1 If you have 2 Bolts can the see each other, view recordings, schedule recordings, etc?

2 Can 1 Mini see all Bolts on the network?

3 Can you remove and replace th 500 GB hard disk with a 2, 4, 6 TB hard disk, as well as adding en external esata hard disk?

4 Can you add multiple hard disks in a single enclosure connect to Esata JBOD)?

5 For someone considering leaving DISH, is there a way to transfer 8-12 TB of programming from external drives on a Hopper with Sling to a Bolt?

Bob


----------



## atmuscarella (Oct 11, 2005)

Wexlerbob said:


> 1 If you have 2 Bolts can the see each other, view recordings, schedule recordings, etc?


Yes have to be on same LAN and on same TiVo account. 


Wexlerbob said:


> 2 Can 1 Mini see all Bolts on the network?


Yes again must be on same LAN and all on the same TiVo account.



Wexlerbob said:


> 3 Can you remove and replace th 500 GB hard disk with a 2, 4, 6 TB hard disk, as well as adding en external esata hard disk?


Bolts use 2.5 inch drives so you are limited to what is available in the 2.5 format which is 4TB - see thread in this forum. Not sure if you can still add the one and only approved Western digital 1TB external eSata Drive if you have done an internal upgrade or not - my guess is no.



Wexlerbob said:


> 4 Can you add multiple hard disks in a single enclosure connect to Esata JBOD)?
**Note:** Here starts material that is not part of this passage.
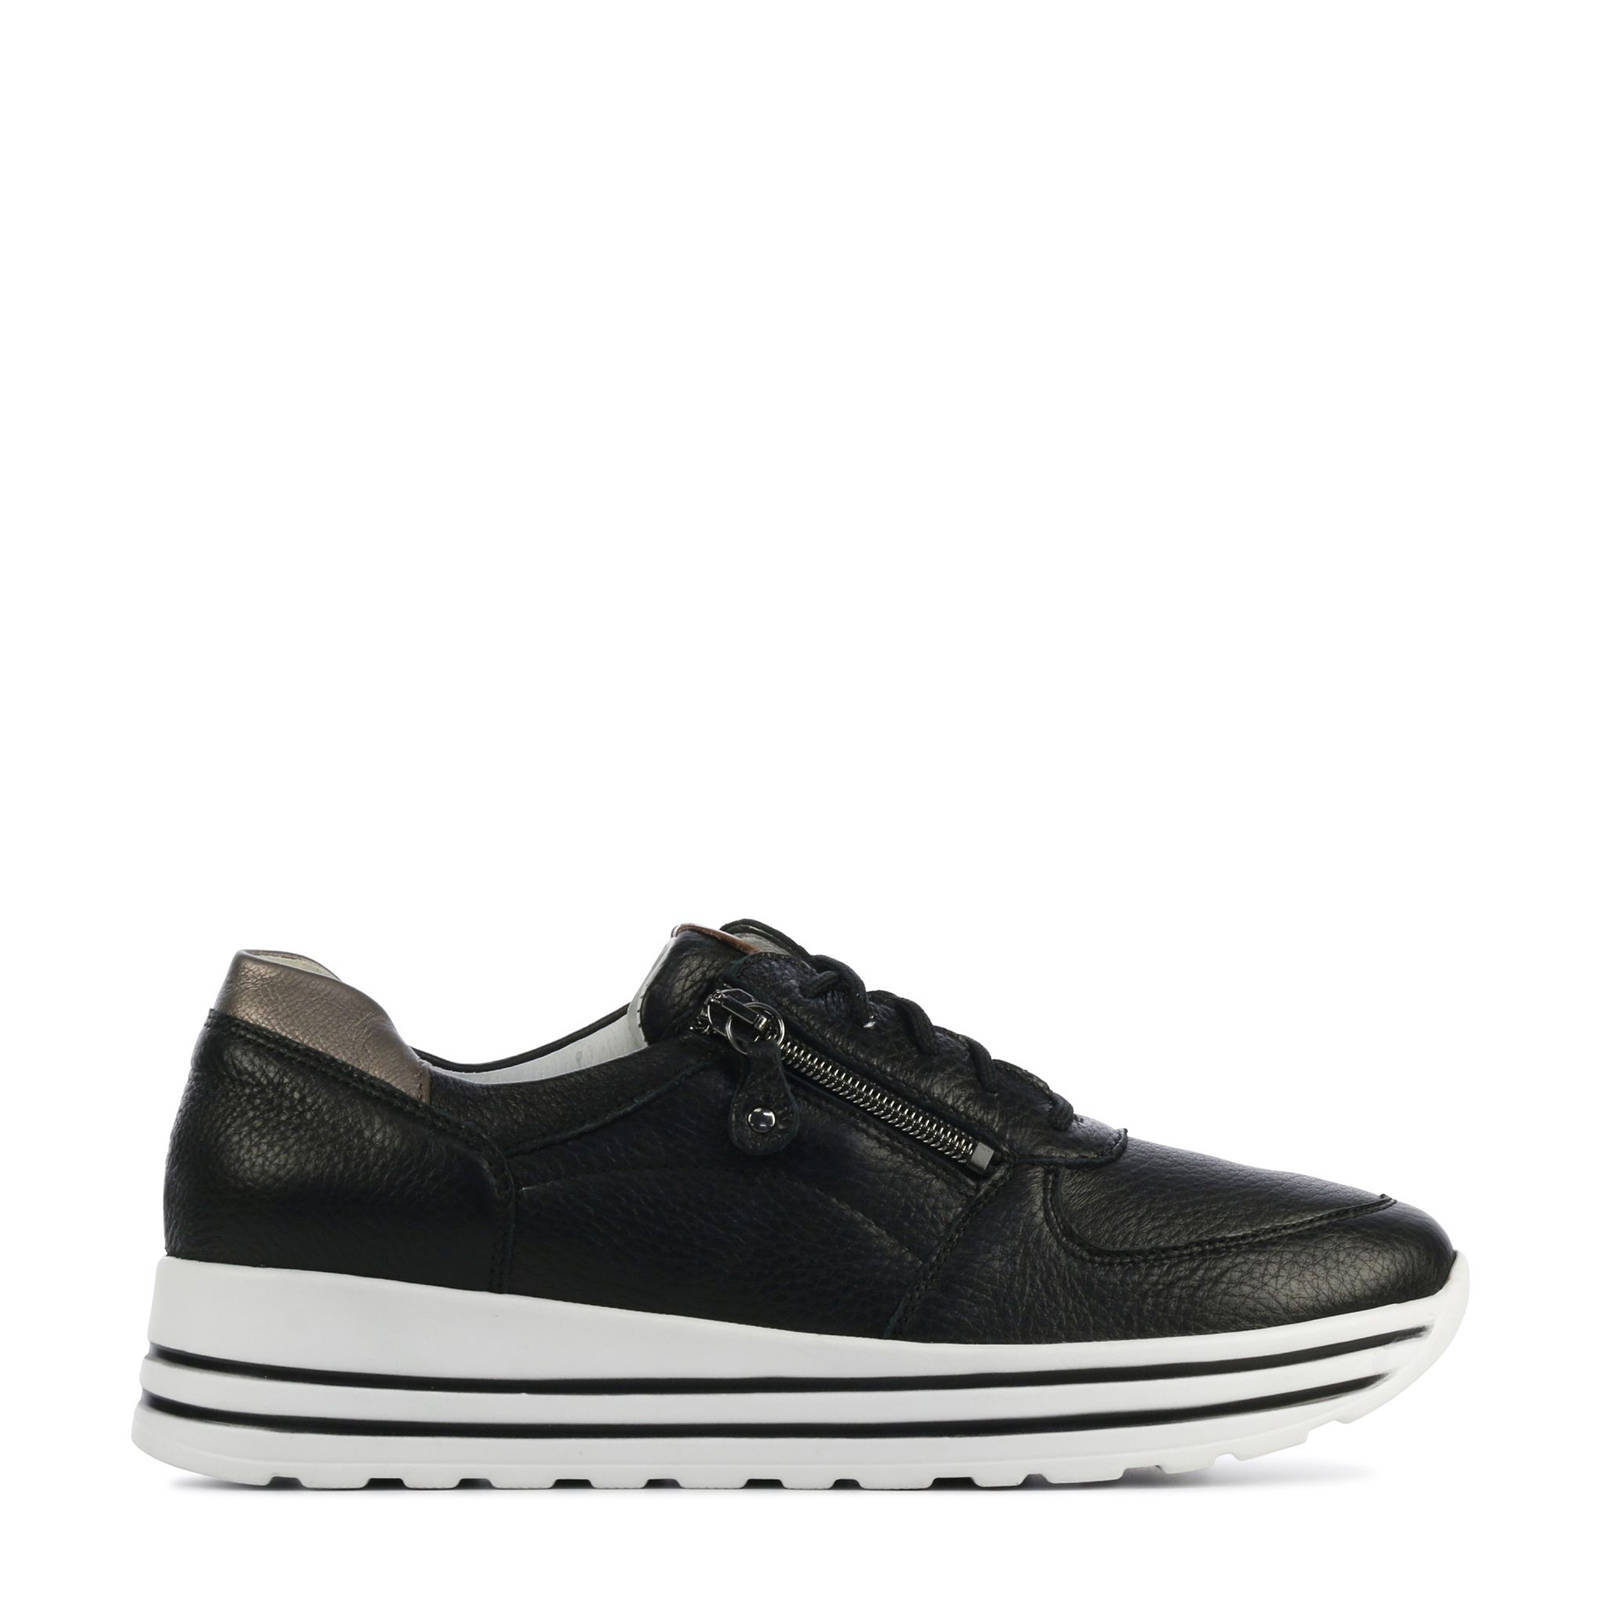 Waldlaufer 758009 comfort leren sneakers zwart/zilver online kopen

Unless you buy custume setup from Weaknees.com TiVo only accept one TiVo approved external eSata drive, which is a 1TB Western Digital drive which doesn't appear to be made anymore.



Wexlerbob said:


> 5 For someone considering leaving DISH, is there a way to transfer 8-12 TB of programming from external drives on a Hopper with Sling to a Bolt?
> 
> Bob


Not directly - you might be able to record video from Sling output with a computer and then move it to the Bolt but depending on the total size most of the video would have to be stored on the computer.


----------